On March 3, 2025, Danone North America PBC filed a lawsuit against Lifeway and each of the members of its Board of Directors, including Ms. Smolyansky, in the Circuit Court of Cook County, Illinois, Law Division. The lawsuit alleges that the Issuer's directors breached their fiduciary duty of loyalty by choosing to enrich Ms. Smolyansky and entrench themselves as directors by knowingly approving the Smolyansky Share Issuance in violation of the Shareholder Agreement. The lawsuit also alleges that the Issuer and Ms. Smolyansky committed a breach of contract by violating the Shareholder Agreement through the Smolyansky Share Issuance (and, in the alternative, that their conduct was barred by promissory estoppel).
As stated in Danone North America PBC's initial notice letter sent to Lifeway following the Smolyansky Share Issuance and previously reported in Amendment No. 7, Danone North America PBC intends to hold Ms. Smolyansky and the Issuer's Board of Directors liable for their breaches of fiduciary duties. The Reporting Persons waive none of their rights under the Shareholder Agreement, and demand that Lifeway and Ms. Smolyansky comply with their respective longstanding, legally required obligations by rescinding the Smolyansky Share Issuance and committing to abide by the Shareholder Agreement.

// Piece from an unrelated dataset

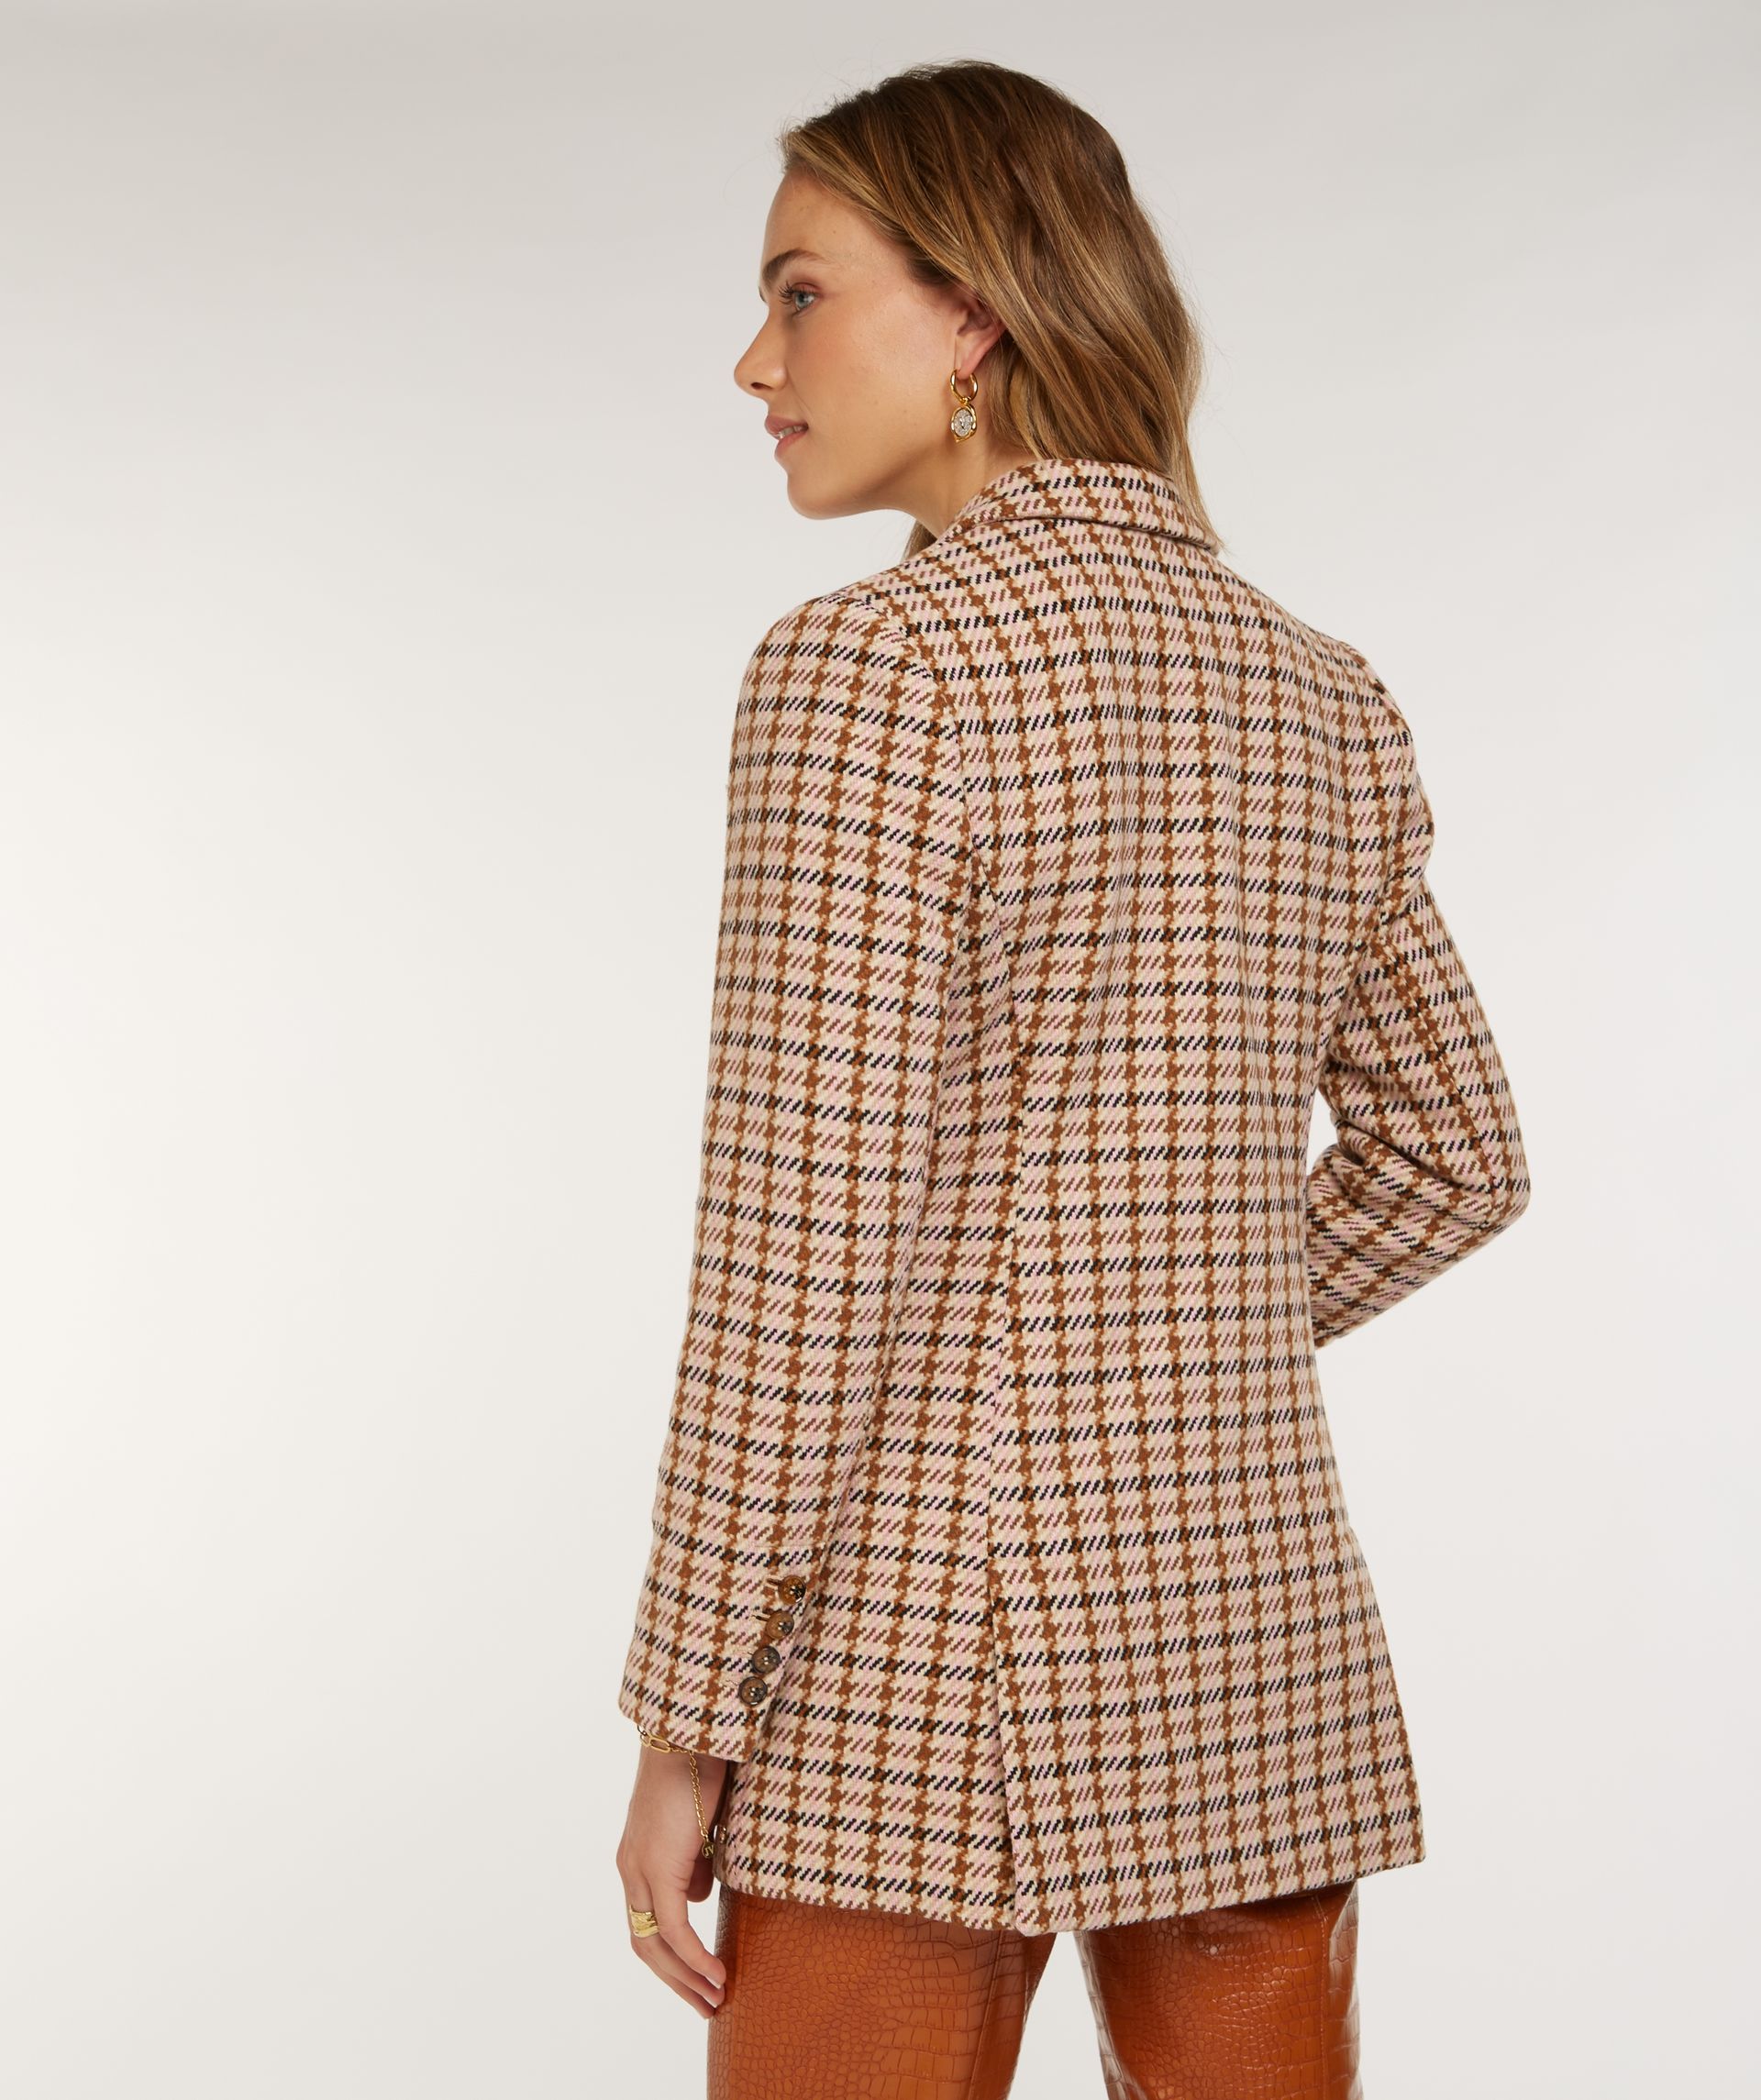 MARLOT oversized blazer with pied-de-poule design
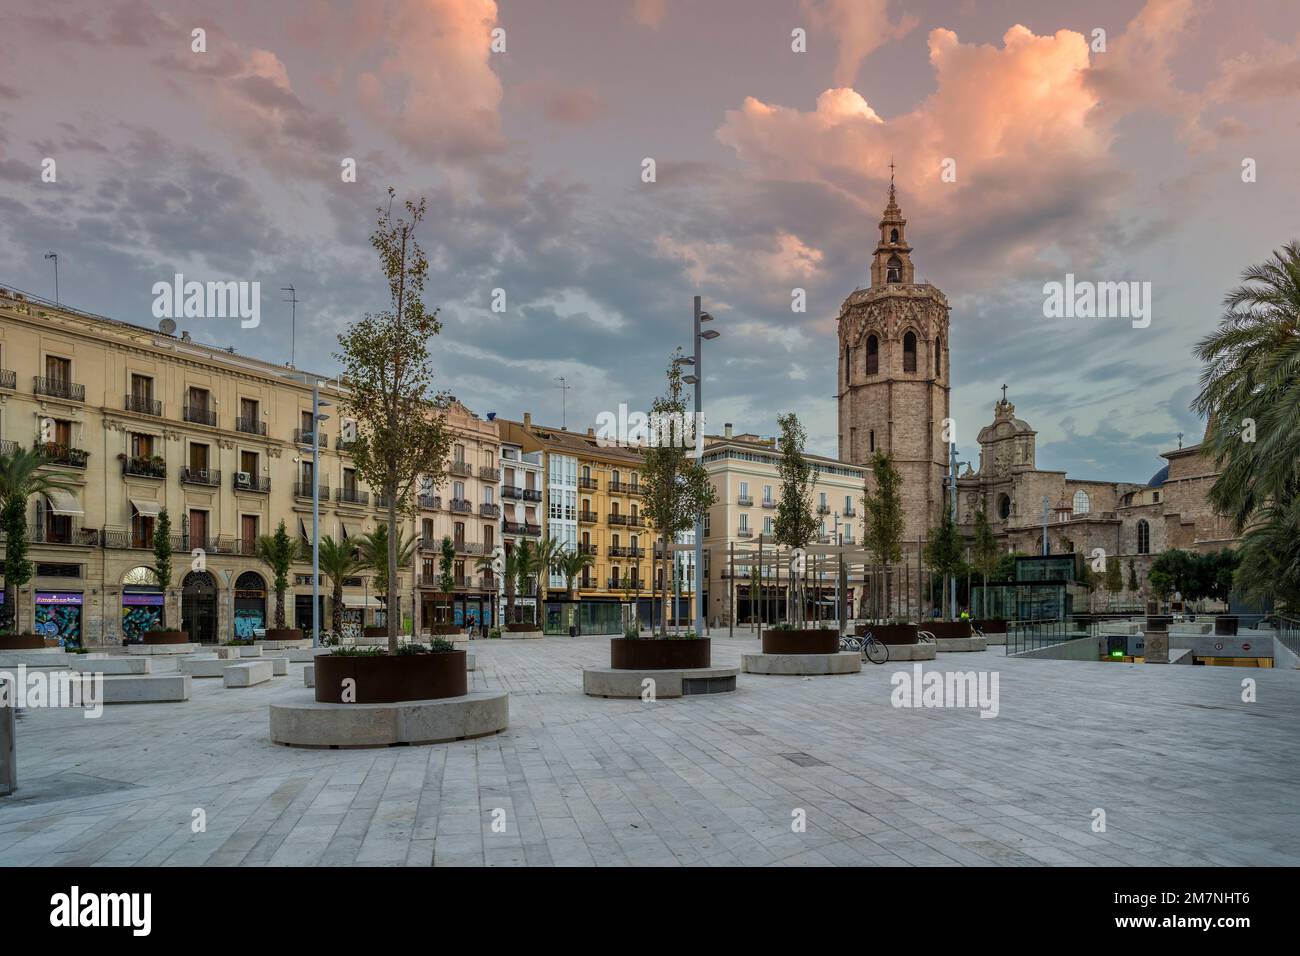 Plaza de la Reina y campanario de Micalet, Valencia, Comunidad Valenciana, España Foto de stock

The Reporting Persons intend to continue to vigorously pursue the claims set forth in the lawsuit and any related claims, and to continue to assert and enforce their rights under the Shareholder Agreement. The Reporting Persons may in the future take any actions in connection therewith that they deem appropriate. |
SIGNATURE | |
After reasonable inquiry and to the best of my knowledge and belief, I certify that the information set forth in this statement is true, complete and correct.